The team leveraged Amazon HealthLake to ingest and store EHR data in FHIR format. The team defined the specific patient cohorts through a set of Amazon HealthLake APIs leveraging FHIR elements such as demographics, encounter details, and diagnosis codes. The resulting cohort data was fed to Amazon SageMaker to train ML models for scenario-driven predictive analytics and used for building business intelligence dashboards in Amazon QuickSight.
Below are some screenshots of the development process. If you’d like more details, we’d be happy to discuss further.
Snapshot of the CloudFormation template
Snapshot of the data domains
Example of the direct query into Amazon QuickSight
Snapshot of an early version of the Data Wrangler data flow
The results from the model provide insights that enable and drive real actions. For example:
- In a provider scenario, the rendering provider would receive an alert for a high-risk patient with a corresponding action to adjust their care plan and follow-ups accordingly.
- In a payer scenario, a program could be implemented to engage discharged cardiac patients and proactively manage care coordination activities for the patient to avoid adverse health events.

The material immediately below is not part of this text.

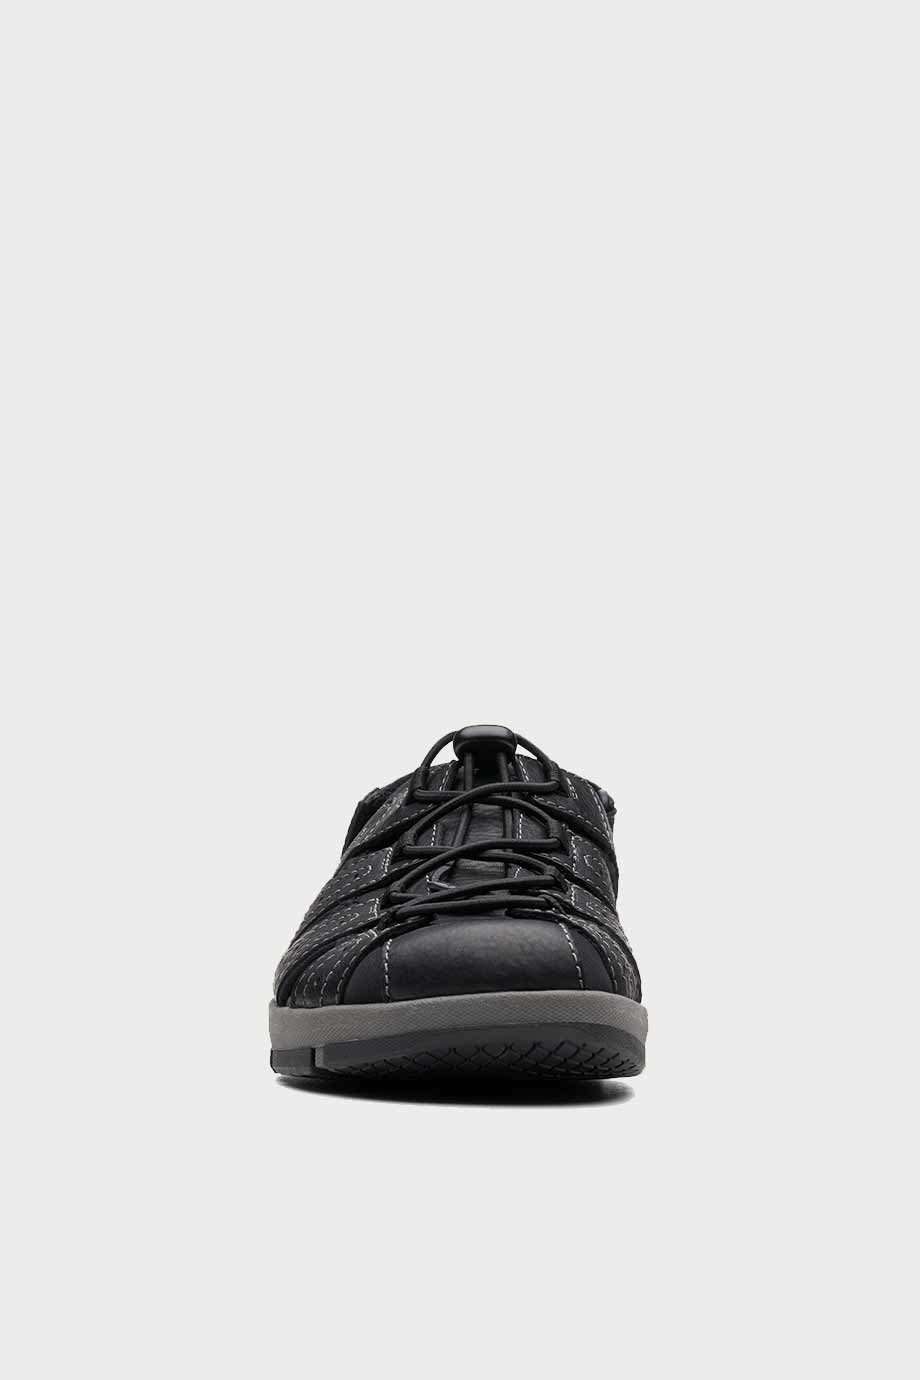 spiridoula metheniti shoes xalkida p Brixby Cove clarks black leather 3

- Advanced analytics can provide insights into defining the “Next Best Action” for the patient based on continuous model training.
Conclusion
Amazon HealthLake provides a foundation to drive change across the healthcare landscape by turning data into actions quickly. Through its HIPAA eligibility, powerful query and search capabilities, integrated medical natural language processing, and ability to define patient cohorts for quick analysis, Amazon HealthLake provides payers, providers, and life sciences a foundation for data interoperability, data sharing, and big data analysis.
Pariveda is looking forward to our continued partnership with AWS and engaging clients to develop solutions based on Amazon HealthLake’s ability to drive actionable innovation and improvement initiatives.